→ **INPUT DATA**
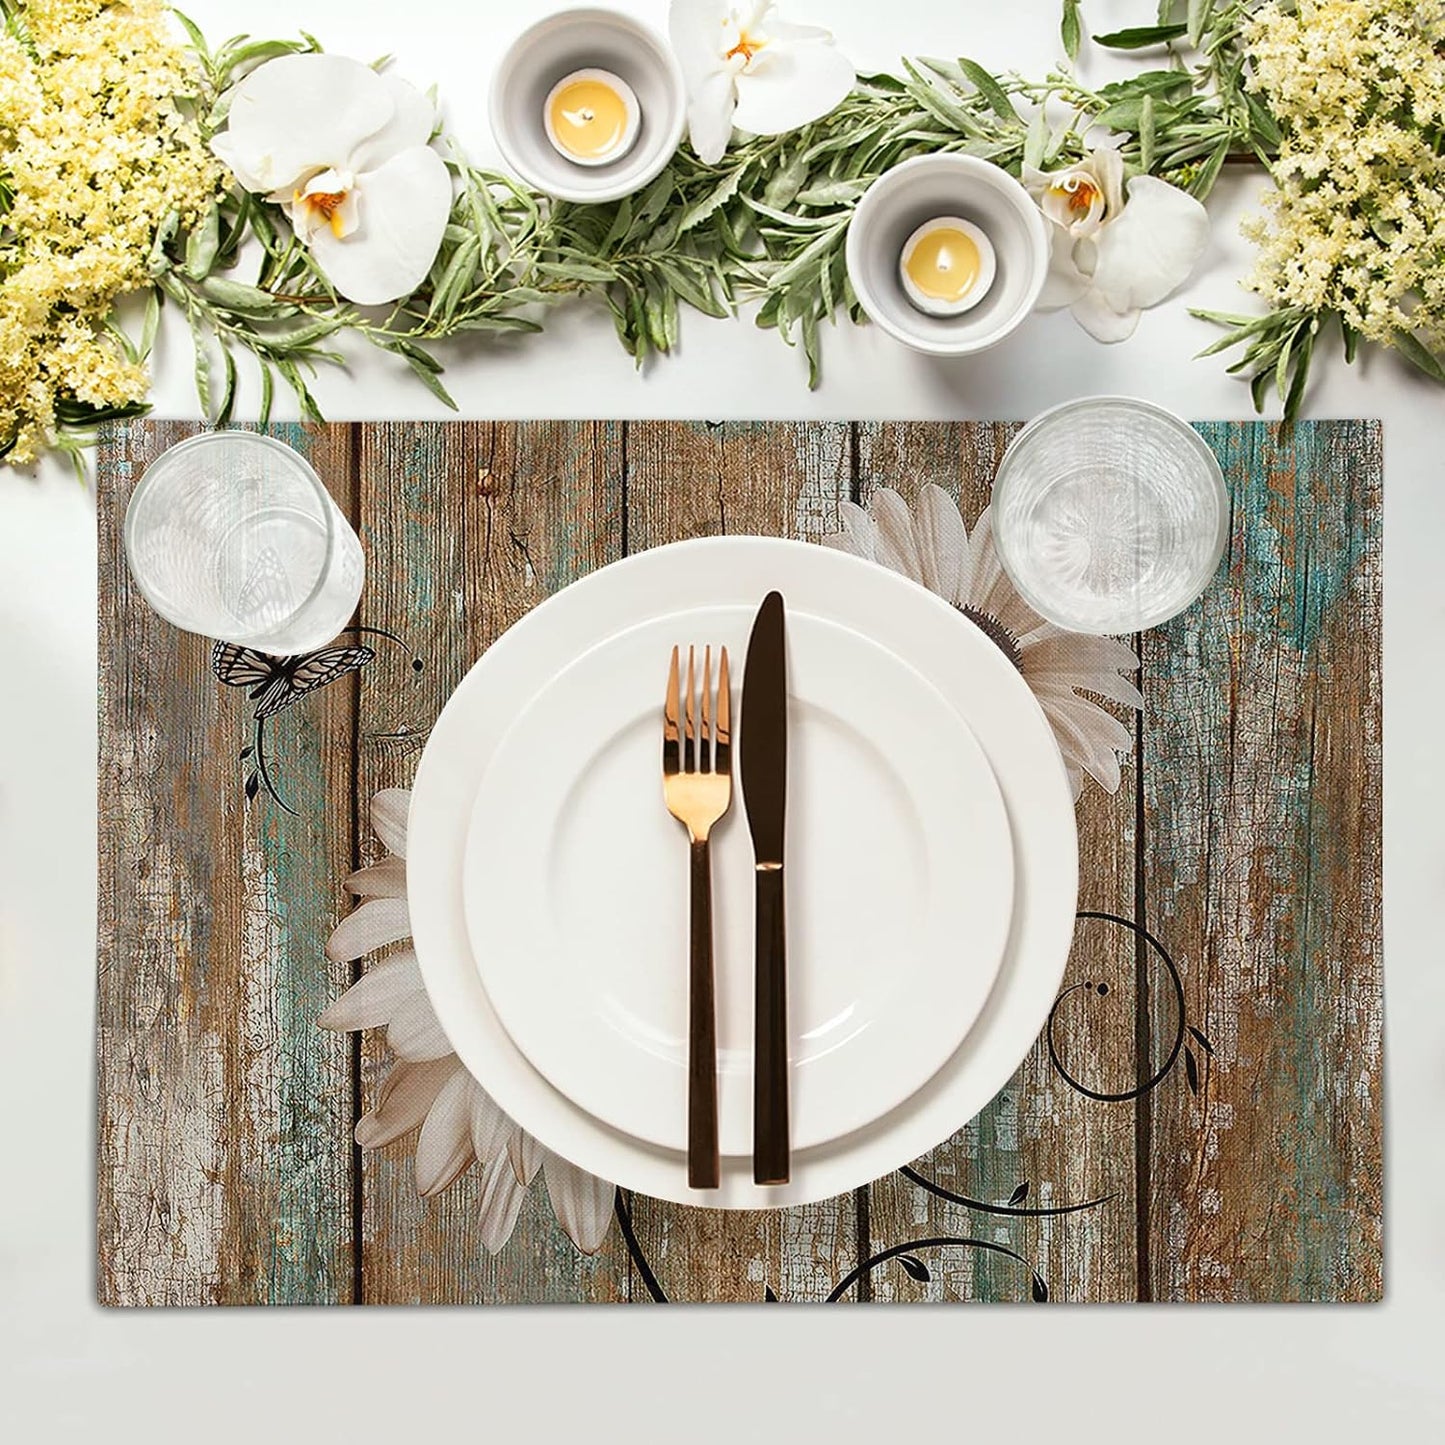 Lvhompro Rustic Daisy Board Placemats- White Sunflowers on Vintage Wood Plank Linen Table Place Mat- Farmhouse Wooden Non-Slip Heat Resistant Table Mats for Dining Kitchen Cabin Lodge Decor
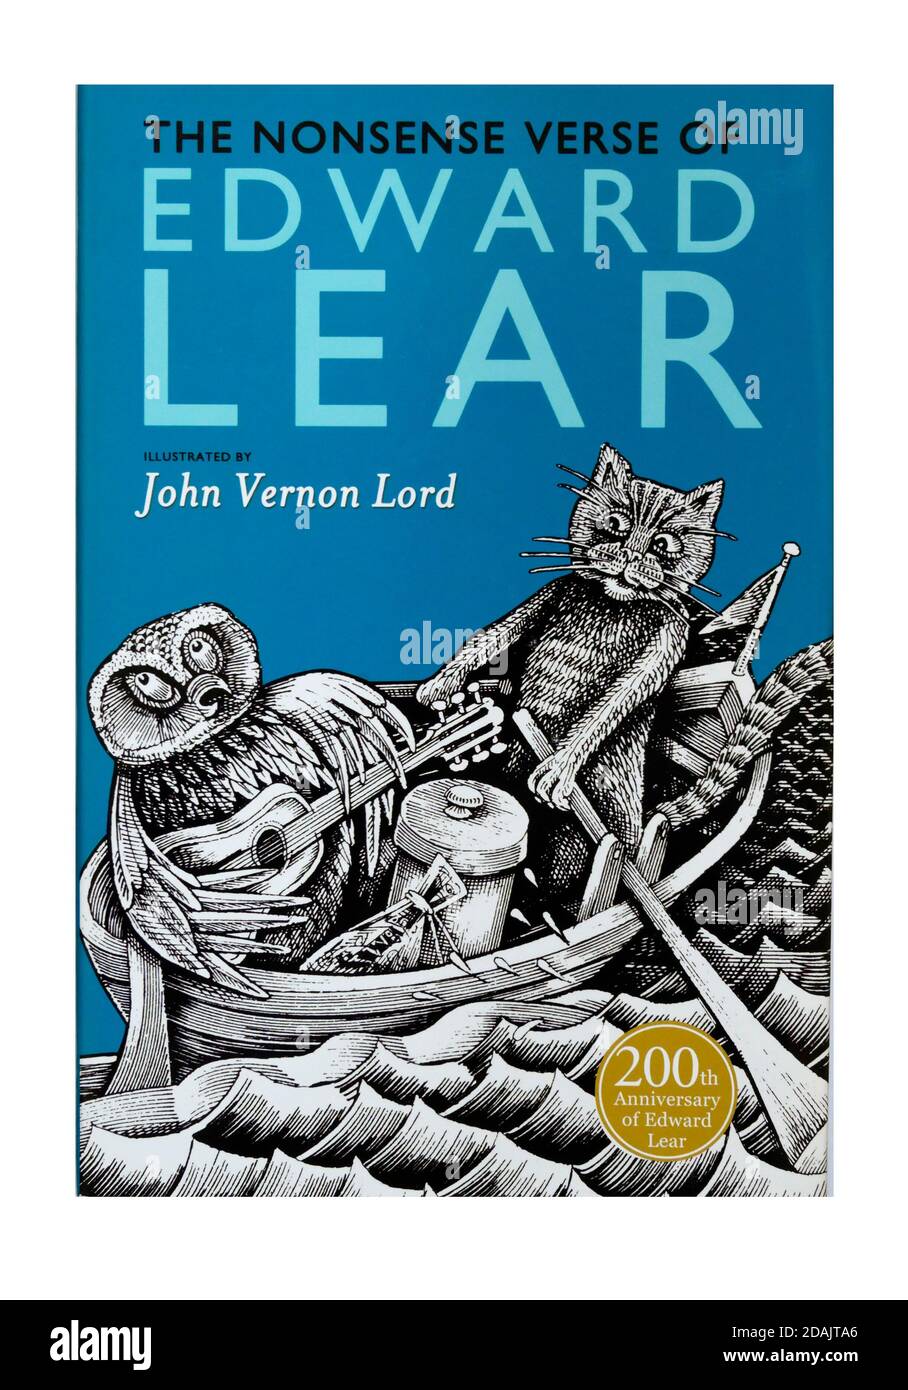 Book cover 'The Nonsense Verse of Edward Lear', illustrated by John Vernon Lord. 200th.Anniversary of Edward Lear. Stock Photo
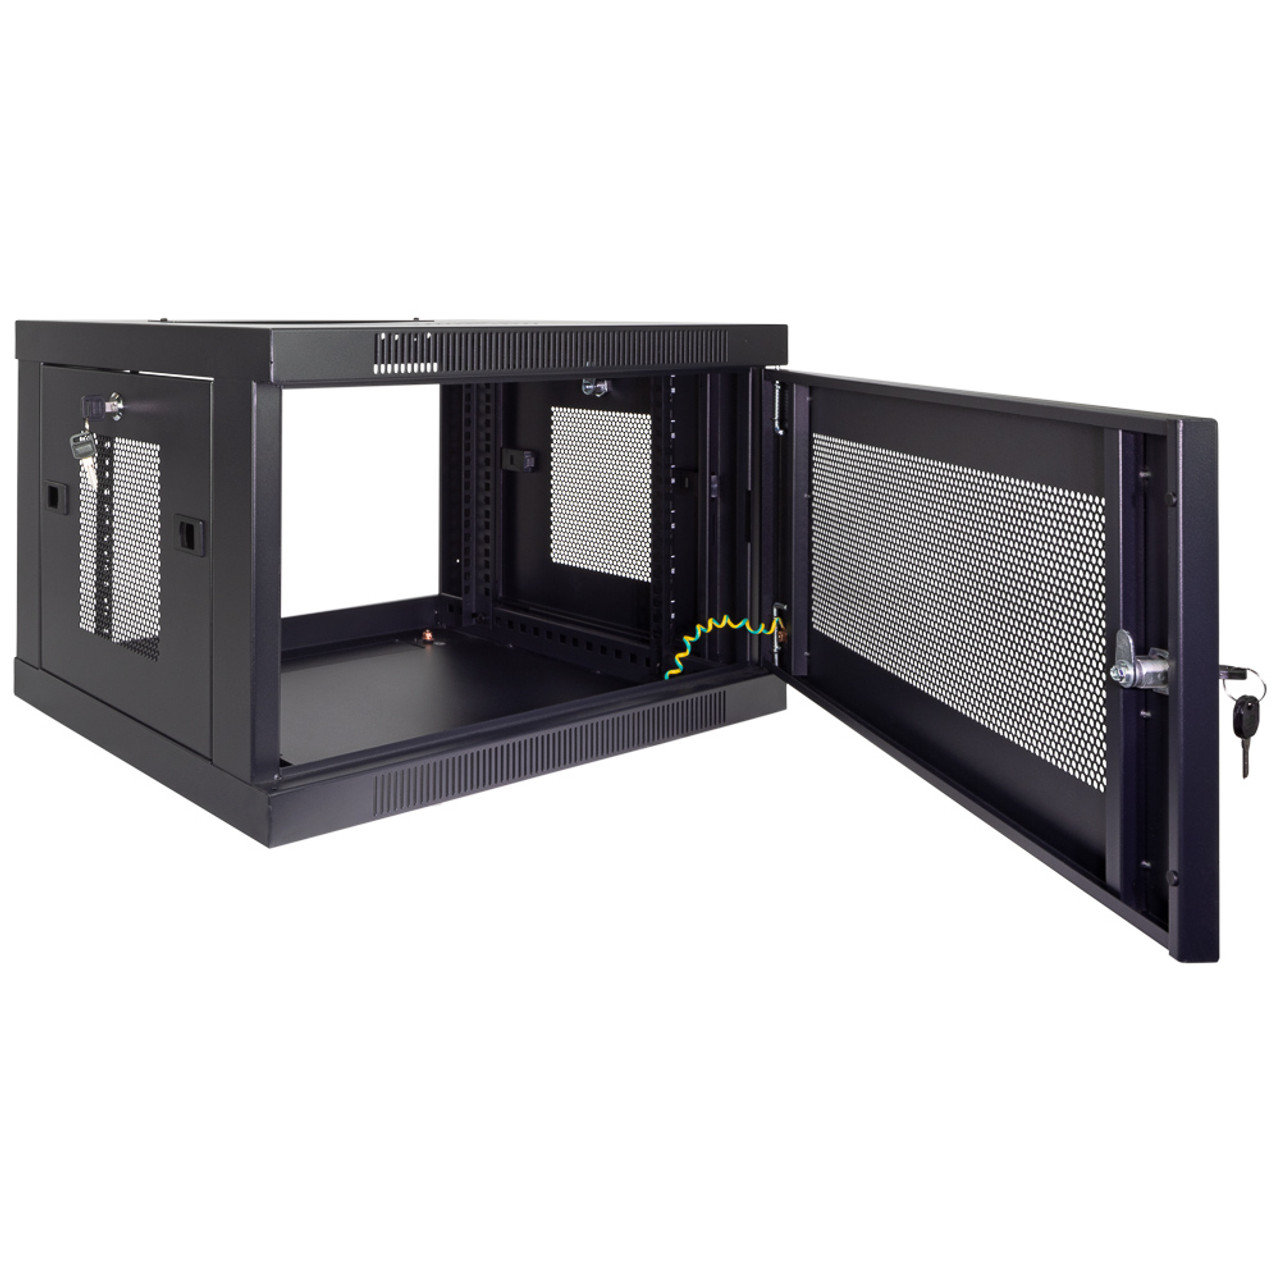 NavePoint 6U Wall Mount Network Cabinet, Perforated Server Enclosure, 19-inch width, 450mm depth
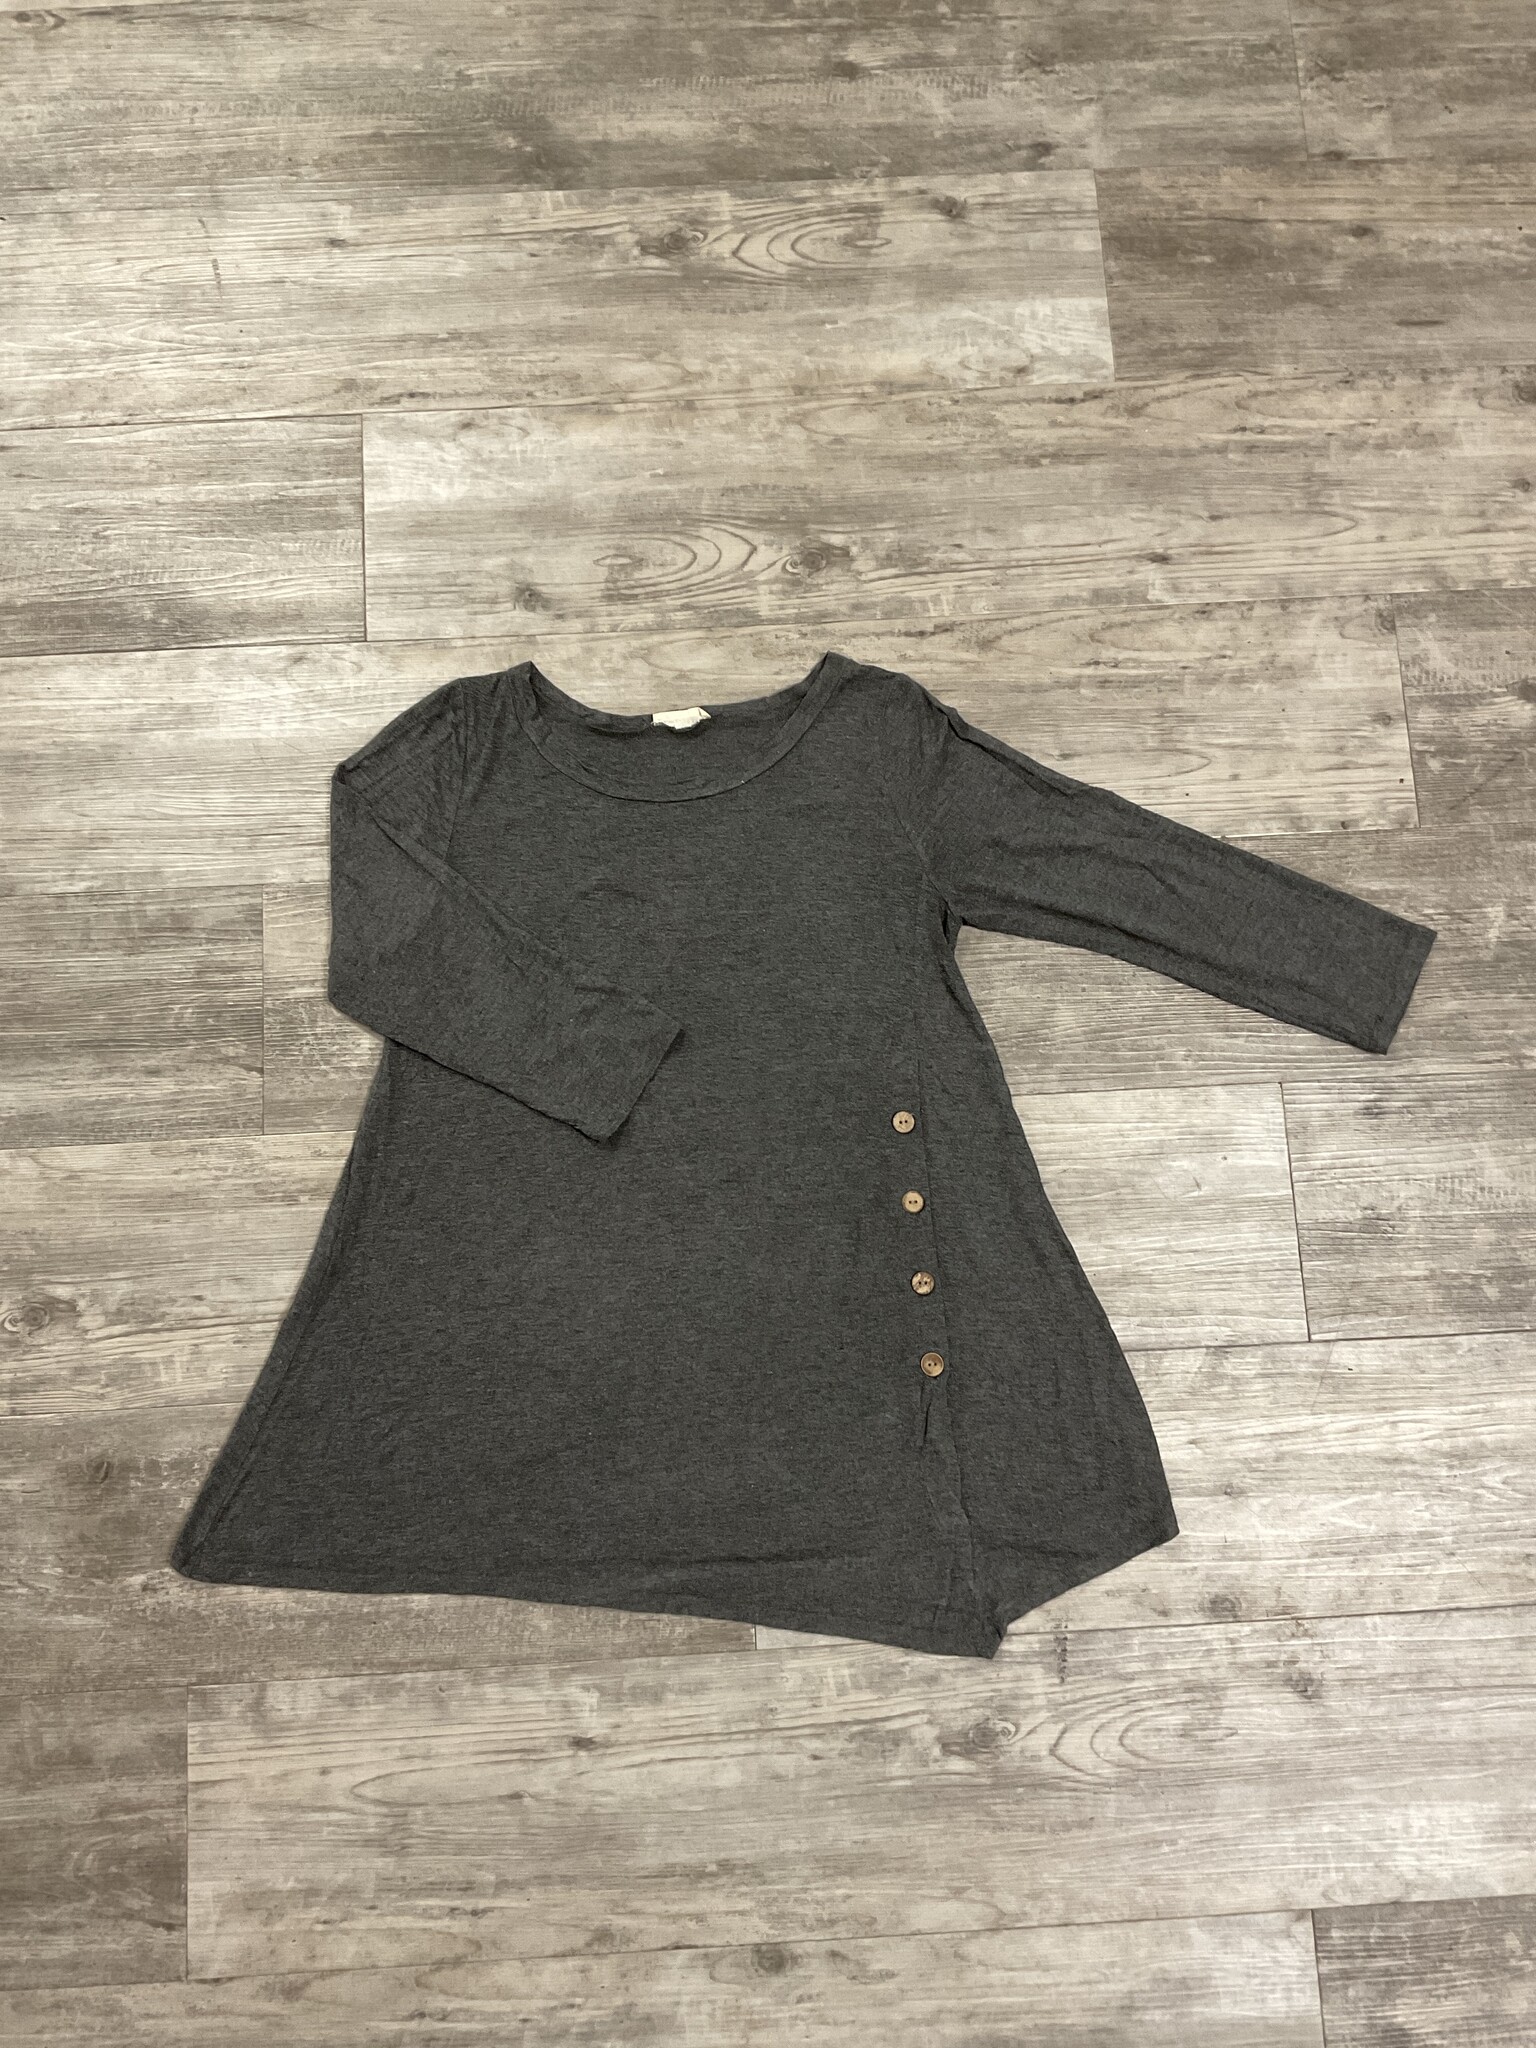 Grey Cotton Tunic with Buttons - Size L

→ **TASK GOAL**
Set the preceding data down again word for word, omitting images.

→ **OUTPUT FOR THIS EXERCISE**
 Lvhompro Rustic Daisy Board Placemats- White Sunflowers on Vintage Wood Plank Linen Table Place Mat- Farmhouse Wooden Non-Slip Heat Resistant Table Mats for Dining Kitchen Cabin Lodge Decor
 Book cover 'The Nonsense Verse of Edward Lear', illustrated by John Vernon Lord. 200th.Anniversary of Edward Lear. Stock Photo
 NavePoint 6U Wall Mount Network Cabinet, Perforated Server Enclosure, 19-inch width, 450mm depth
 Grey Cotton Tunic with Buttons - Size L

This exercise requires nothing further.